The Battle of Tannenberg in 1410: Strategic Interests and Tactical Implementation


The Battle of Tannenberg in 1410: Strategic Interests and Tactical Implementation

By Martin Hofbauer

Journal of Military and Strategic Studies, Vol.13:1 (2010)

Introduction: The Teutonic Order dates back to the time of the Third Crusade (1189-1192). Around 1190, during the siege of Acre in the Holy Land an order of nurses was founded. This order was converted in 1198 into an order of knights, the so-called Teutonic Order. It was confirmed a year later by Pope Innocent III. The Order acquired its first properties in Palestine, Armenia and Cyprus, and from 1200 on also in Germany. Eventually it spread over large parts of Europe. The competition with older orders of knights in the Kingdom of Jerusalem as well as the failed crusades prompted the order to look for a new field of activity.
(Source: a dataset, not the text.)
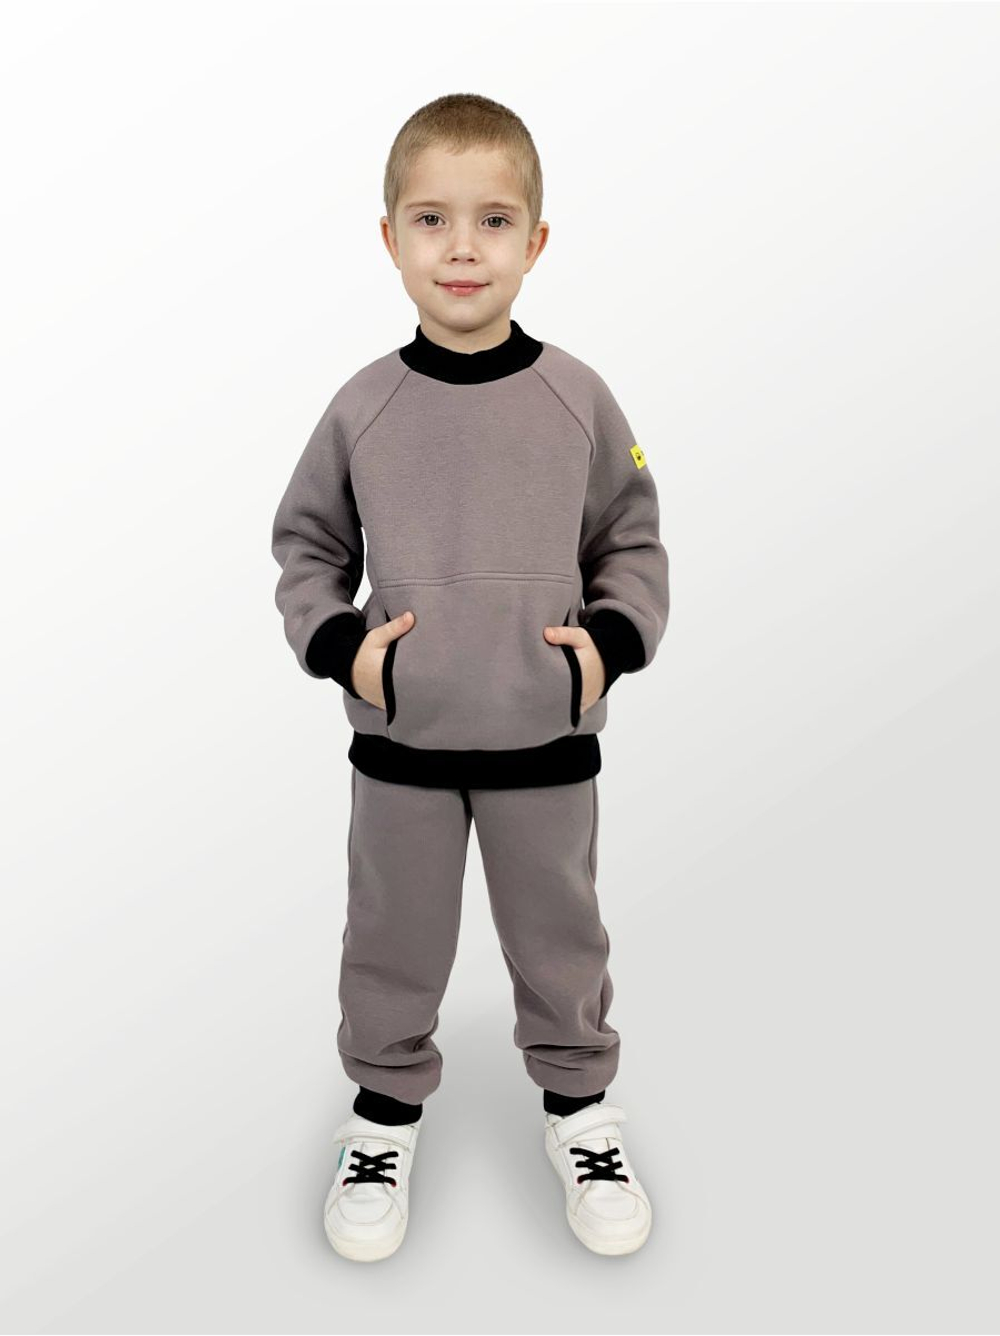 Худи для детей, модель №3, утепленный, рост 92 см, серый

In 1225-26, Duke Konrad I of Masovia from Poland invited the Teutonic Order into the Chełmno Land in Prussia to assist him in fighting the still pagan Old Prussians in the north. After intensive negotiations, a missionary war was started in 1231. Some 50 years later, in 1283, the conquest of Prussia was essentially completed. The confirmation issued by Emperor Frederick II in the Golden Bull of Rimini (1226) and the document issued by Pope Gregory IX (1234), in which he put the Chełmno Land and Prussia under the protection of the church, promoted the independence of the Teutonic Order and gave it a task, that of fighting and converting the pagans to Catholism.
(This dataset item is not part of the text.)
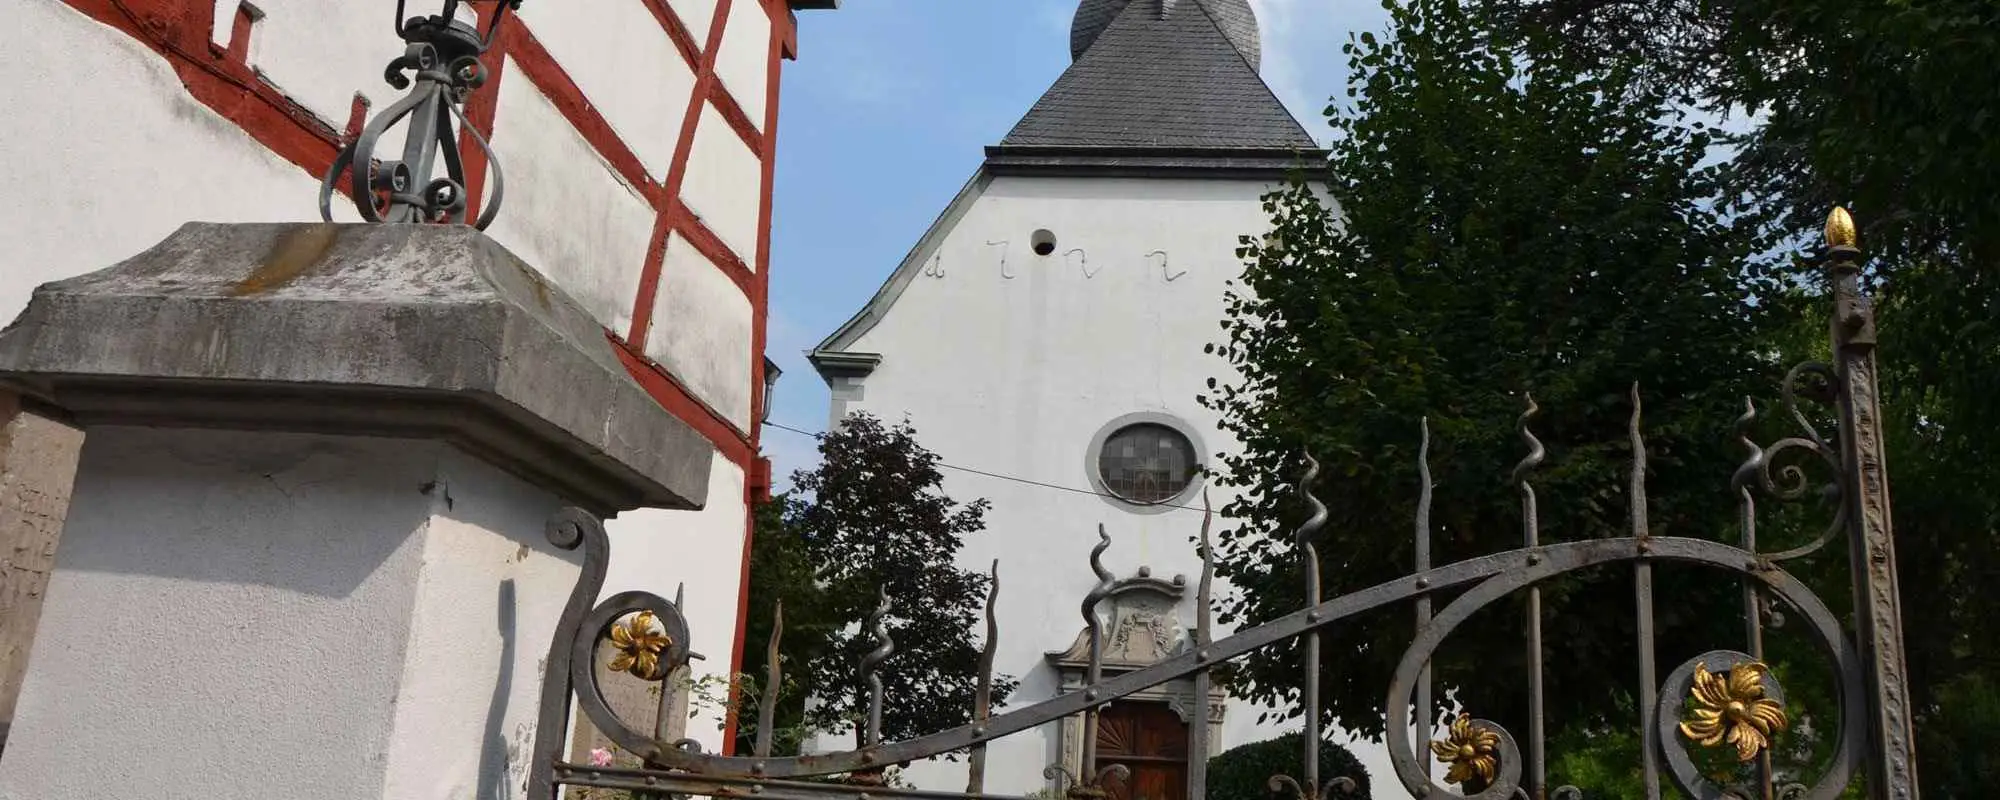 Evangelische Kirche Oberwinter

In addition to Prussia, the Teutonic Order quickly gained a foothold in Livonia. Since 1202, a separate crusaders’ order, the so-called Livonian Brothers of the Sword, had been waging a missionary war and expanding settlements there. After a crushing defeat at the hands of the Lithuanians in the Battle of Saule in 1236, the remaining brothers joined the Teutonic Order. This meant that the Order ruled a second major piece of territory in the northeast of the Baltic region.